I use Apache Camel’s Spring Main to boot my Camel application. I need my application to read the command line arguments to set some parameters. So, I cannot use property files.
At the moment, I can pass arguments via the JVM system properties, and it works well:
Application.java
public class Application extends org.apache.camel.spring.Main {
public static void main(String[] args) throws Exception {
Application app = new Application();
instance = app;
app.run(args);
}
}
camel-context.xml
<?xml version="1.0" encoding="UTF-8"?>
<beans xmlns="http://www.springframework.org/schema/beans"

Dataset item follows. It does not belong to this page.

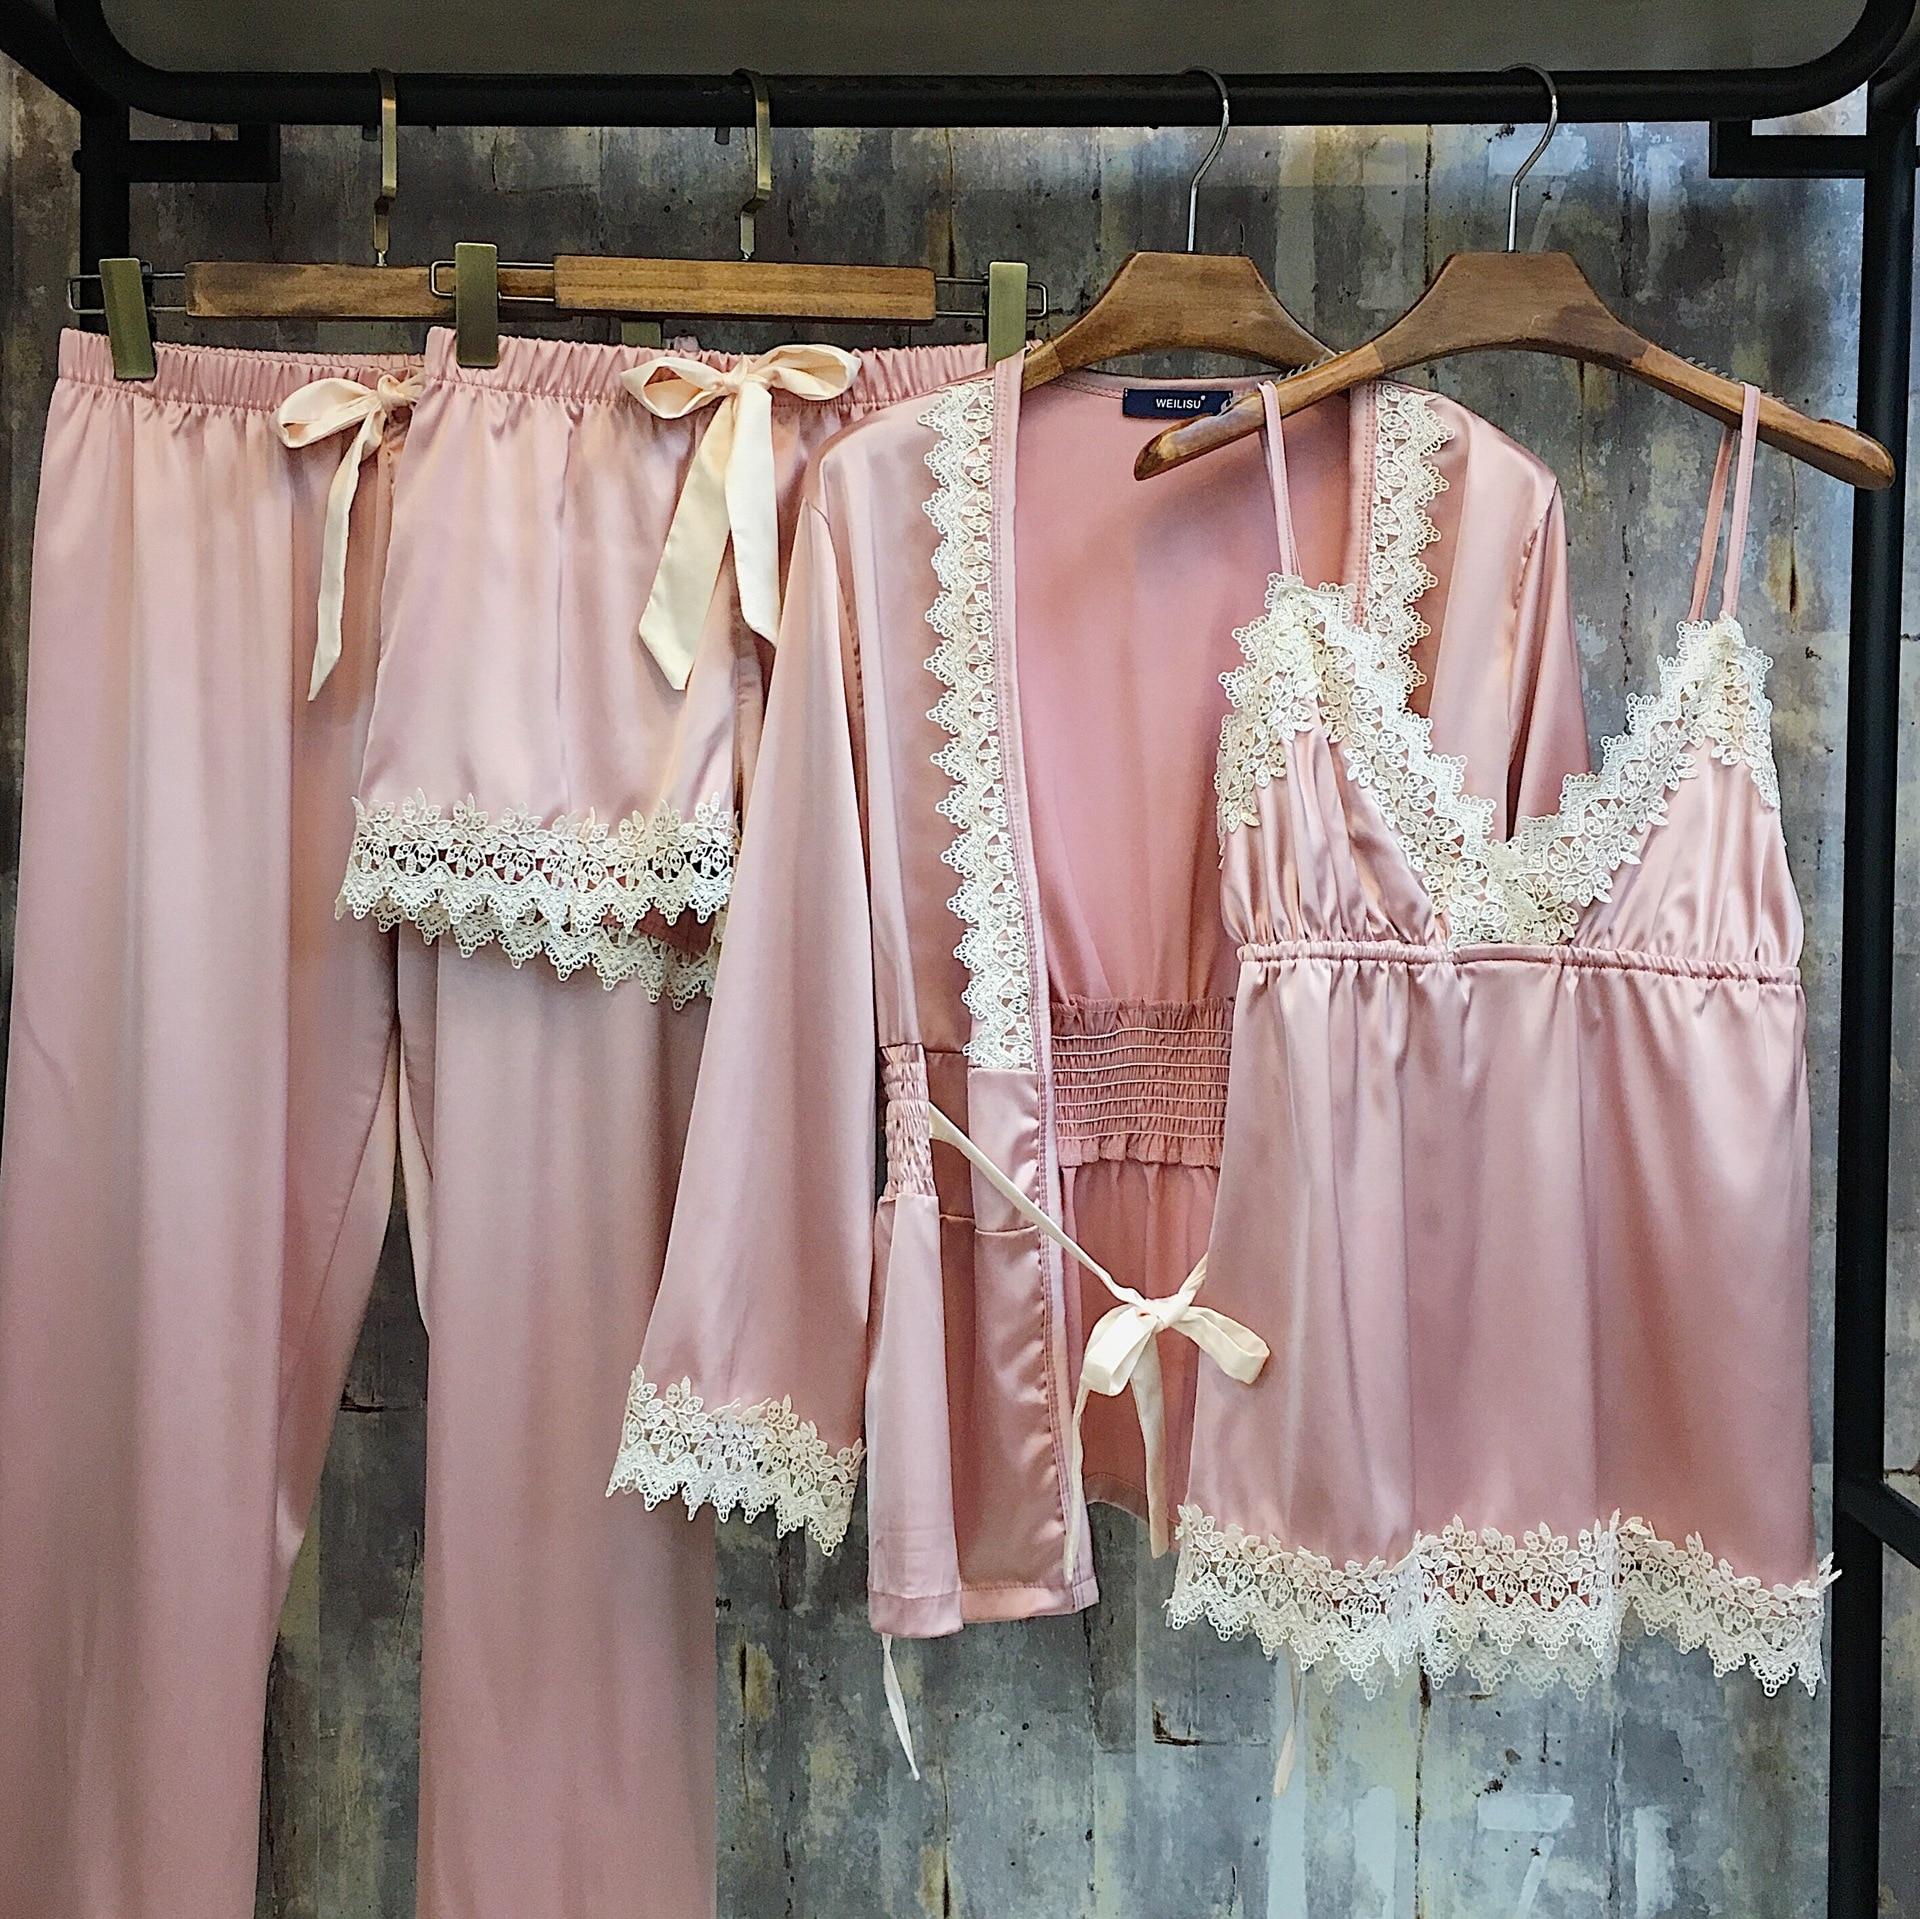 Printemps nouveau Satin soie pyjamas femmes dentelle épissé Sexy Lingerie ensembles dentelle-Up vêtements de nuit femmes chemise de nuit 4 pièces maison costumes

xmlns:xsi="http://www.w3.org/2001/XMLSchema-instance"
xsi:schemaLocation="
http://www.springframework.org/schema/beans http://www.springframework.org/schema/beans/spring-beans.xsd
http://camel.apache.org/schema/spring http://camel.apache.org/schema/spring/camel-spring.xsd">
<bean id="shutdownBean" class="com.example.ShutdownBean" />
<camelContext xmlns="http://camel.apache.org/schema/spring">
<route>
<from uri="file:{{inputFile}}?noop=true"/>
<to uri="bean:shutdownBean" />
</route>
</camelContext>
</beans>
I run the app with java com.example.Application -DinputFile=C:/absolute/path/to/watch and everything works fine:
…
FileEndpoint INFO Using default memory based idempotent repository with cache max size: 1000
InternalRouteStartupManager INFO Route: route1 started and consuming from: file://C:/absolute/path/to/watch
AbstractCamelContext INFO Total 1 routes, of which 1 are started
…
But I would like to have some input validation and make the app easier to use because -D could be confusing for a non Java user. So I change Application.java:
public class Application extends org.apache.camel.spring.Main {
private File inputFile;
public static void main(String[] args) throws Exception {
Application app = new Application();
instance = app;
app.run(args);
}
public Application() {
addOption(new ParameterOption("i", "inputFile", "The input file", "inputFile") {
@Override
protected void doProcess(String arg, String parameter, LinkedList<String> remainingArgs) {
File file = FileUtils.getFile(parameter);
// some business validation
setInputFile(file);
}
});
}
private void setInputFile(File inputFile) {
this.inputFile = inputFile;
}
}
Then, I could use the following command to run the application: java com.example.Application -inputFile C:/absolute/path/to/watch
How can I use my inputFile field into my Camel route?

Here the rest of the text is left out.